Entrepreneur of the Year 2014: Business-to-consumer finalists

Charles Chang | BCBusiness

Charles Chang (WINNER)
President and founder, Sequel Naturals Ltd. (DBA Vega)

Like many startup stories before his, Charles Chang’s tale begins in a basement with a shoestring budget of his own savings and an idea that could disrupt an industry. Chang launched Sequel Naturals in 2001, first selling health supplements, and then plant-based nutritional shakes. The second—and business-defining—chapter for his company came in 2003 after meeting vegan endurance athlete Brendan Brazier, with whom he collaborated to launch Brazier’s formula for a whole-food nutritional shake, which became the foundation of the Vega brand. “If you think about what Vega stands for today—being plant-based, gluten-free, soy-free, dairy-free—12 years ago, no one even talked about those things,” says Chang. “It’s actually quite visionary.”

Over the course of 13 years, drawing on the skills he developed in his previous role as vice-president of sales and marketing for Great Little Box Company, Chang has grown his company from a single-product distributor to a formulator and marketer of health and sport performance products sold in more than 5,000 retail locations throughout North America. In 2013, Vega saw annual revenues of $33 million in the U.S. and $39.2 million in Canada, and international expansion plans mean the bottom line is only poised to grow. “We want Vega to be an iconic brand,” says Chang.
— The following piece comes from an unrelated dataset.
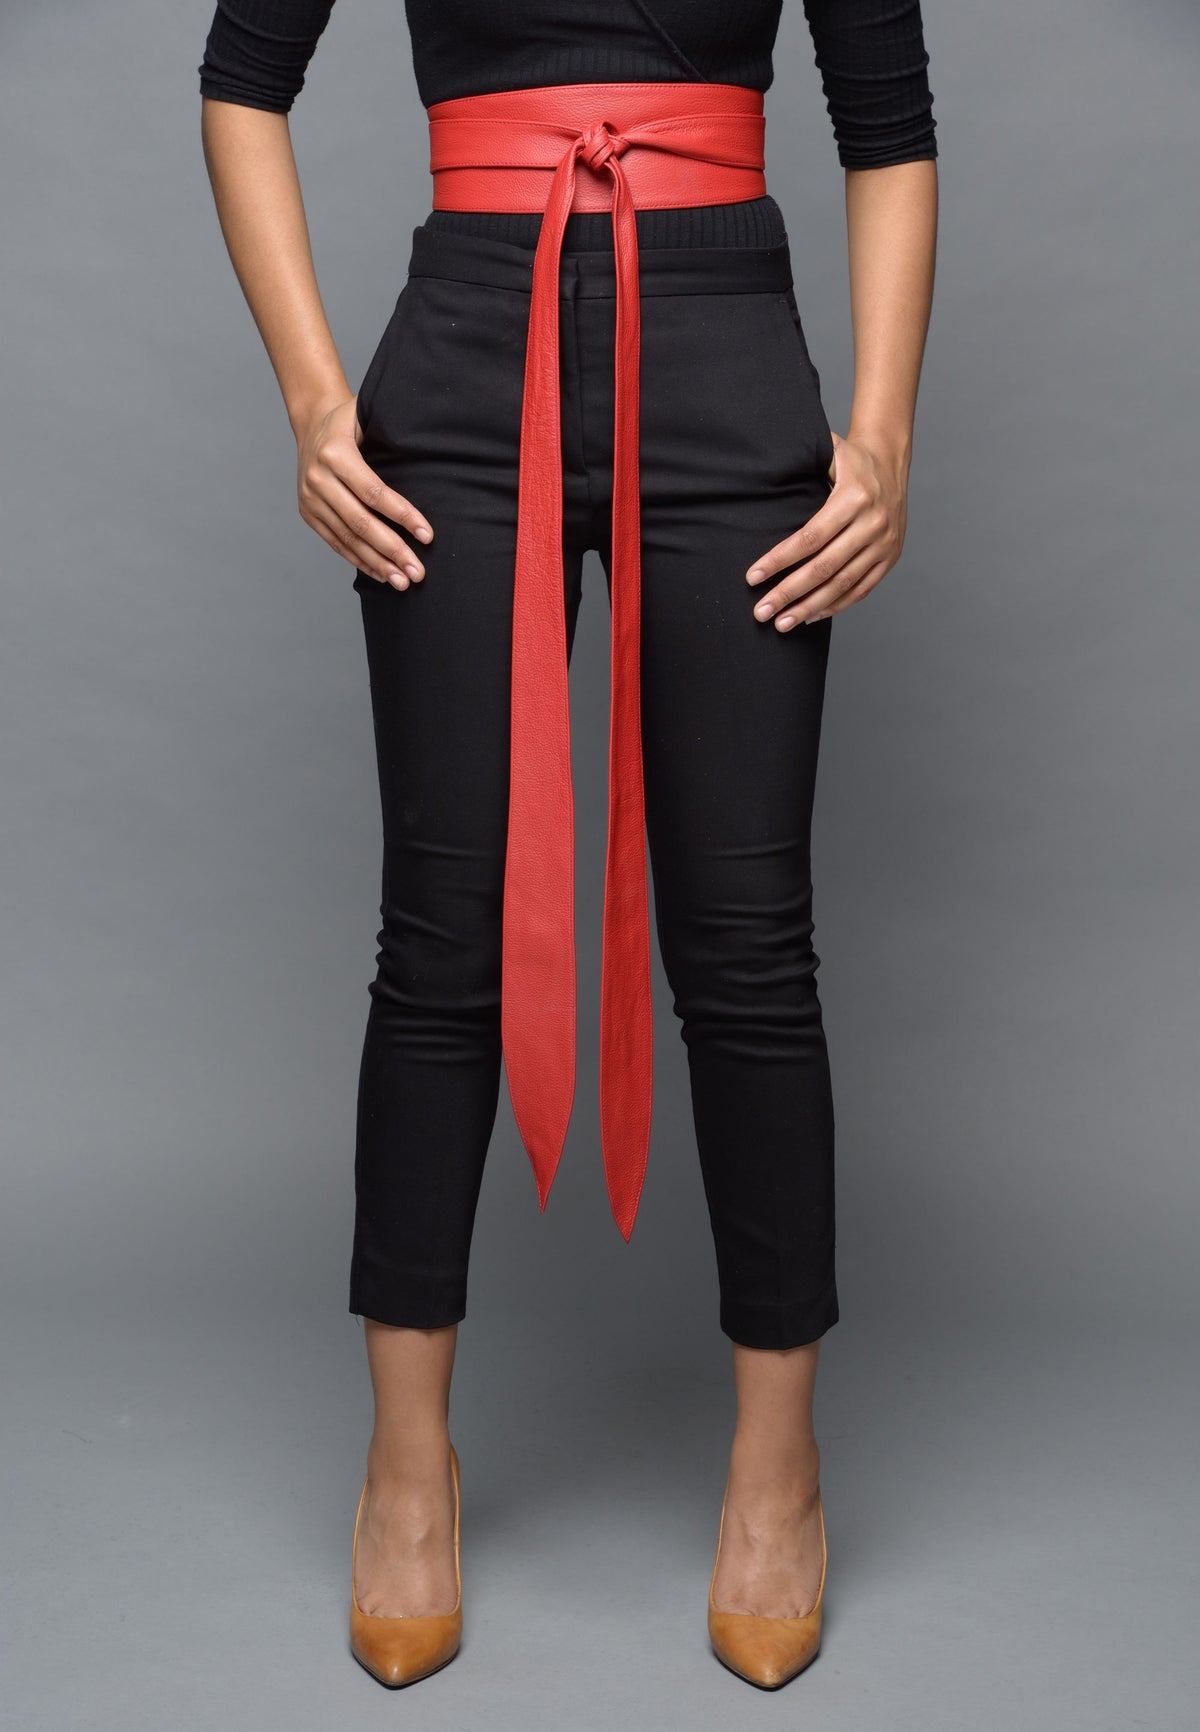 Obi Leather Wrap Belts - Red Leather Obi Belt – nyagua

Impressive sales numbers and growth opportunities aside, Chang says he measures Vega’s success based on a triple bottom line: people, performance and planet. Having expanded Vega’s distribution to include mainstream mass retailers such as London Drugs, Loblaws and Overwaitea, Chang has now shifted his focus to building a team that can run the company without him. “I went from always wanting to be the best at everything to wanting to make sure that I had the best people for everything,” he says.


Natacha Beim (FINALIST)

Founder and CEO, CEFA Early Learning

When teacher Natacha Beim couldn’t find any early childhood education schools in Canada that were on par with the ones she had taught at in Europe, Asia and South America, she decided to develop her own curriculum and open a school in West Vancouver in 1998. After the success and popularity of her first school, Beim jokes that she was “coerced” by parents and CEFA teachers into expanding, explaining that going from one location to a 15-school franchise bringing in $15 million in annual revenue was never part of the plan. “I never saw myself as a business person. I even resisted the term,” she says, adding that her biggest challenge has been developing her financial acumen. But her ambitious plans for the future—establishing 100 more schools across B.C., Alberta and Ontario in the next five years—suggest that she’s warmed up to the entrepreneurial side of education.
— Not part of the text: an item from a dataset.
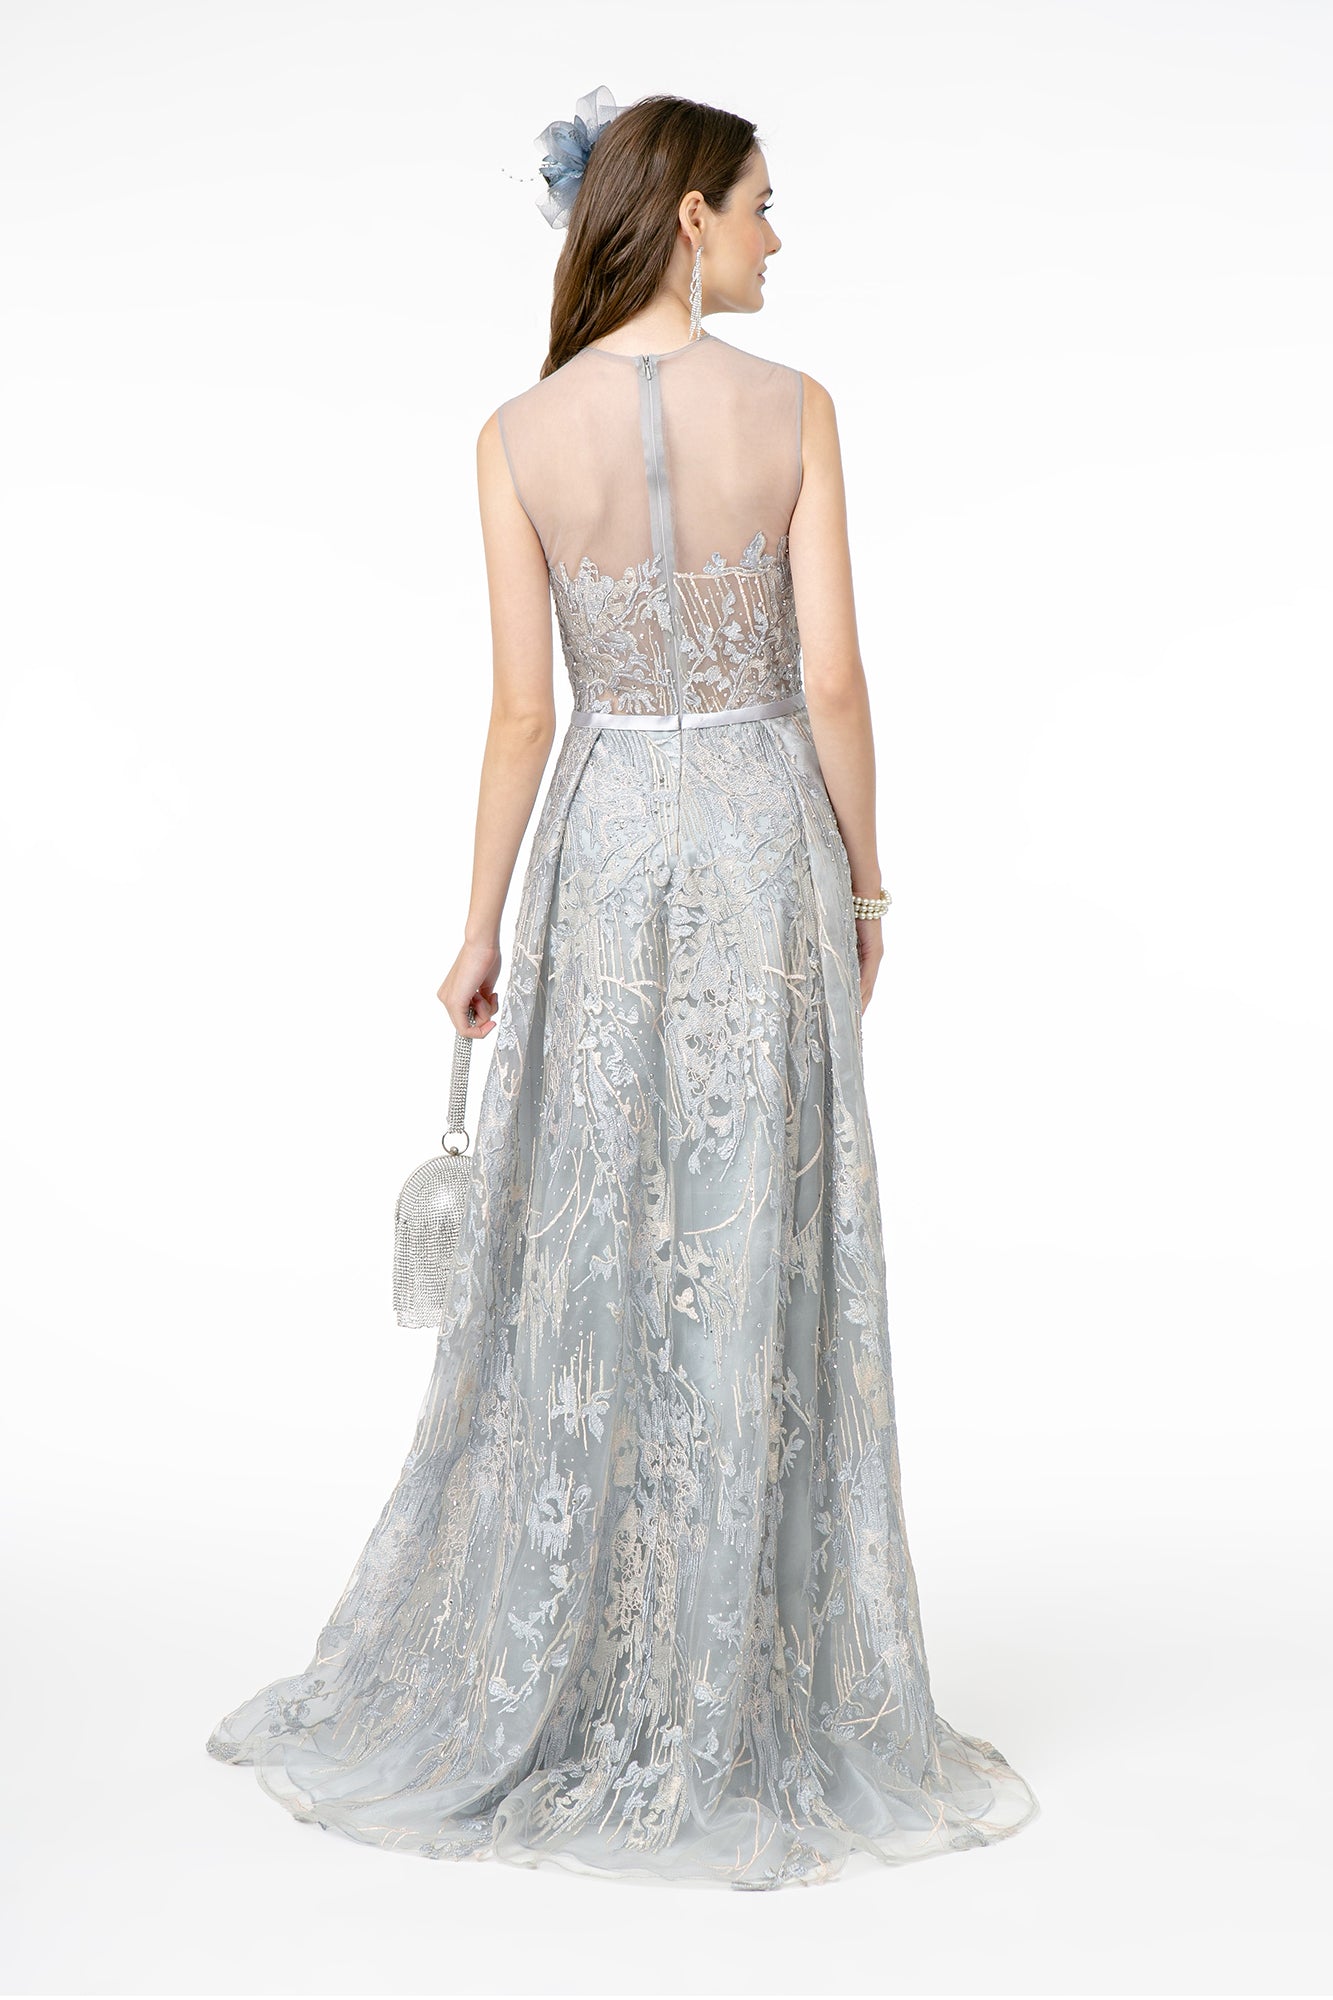 Lace Embellished A-Line Long Dress GLGL2835-SPECIAL-smcfashion.com

Brad, Mike + Mitch Trotman (FINALISTS)
Vice-president; president and CEO; vice-president, Trotman Automotive Group

After taking over his father’s Langley Chrysler dealership in 1996, Mike Trotman—aged 24 and fresh out of a UBC commerce degree—quickly realized that the reigning paradigm in the car business was broken and set out to change it. “We met up with a lot of pushback, a lot of turbulence and learned very early that people didn’t like change,” says the eldest of the three Trotman sons, each with a part in the business, about investing in culture, team building and focusing on the process rather than the results. Brothers Mitch and Brad joined the business in the mid- and late-’90s, respectively, after completing their degrees, and together the trio has weathered economic storms and auto industry crises to grow their operation to seven dealerships across B.C., with an eighth acquisition coming aboard this fall.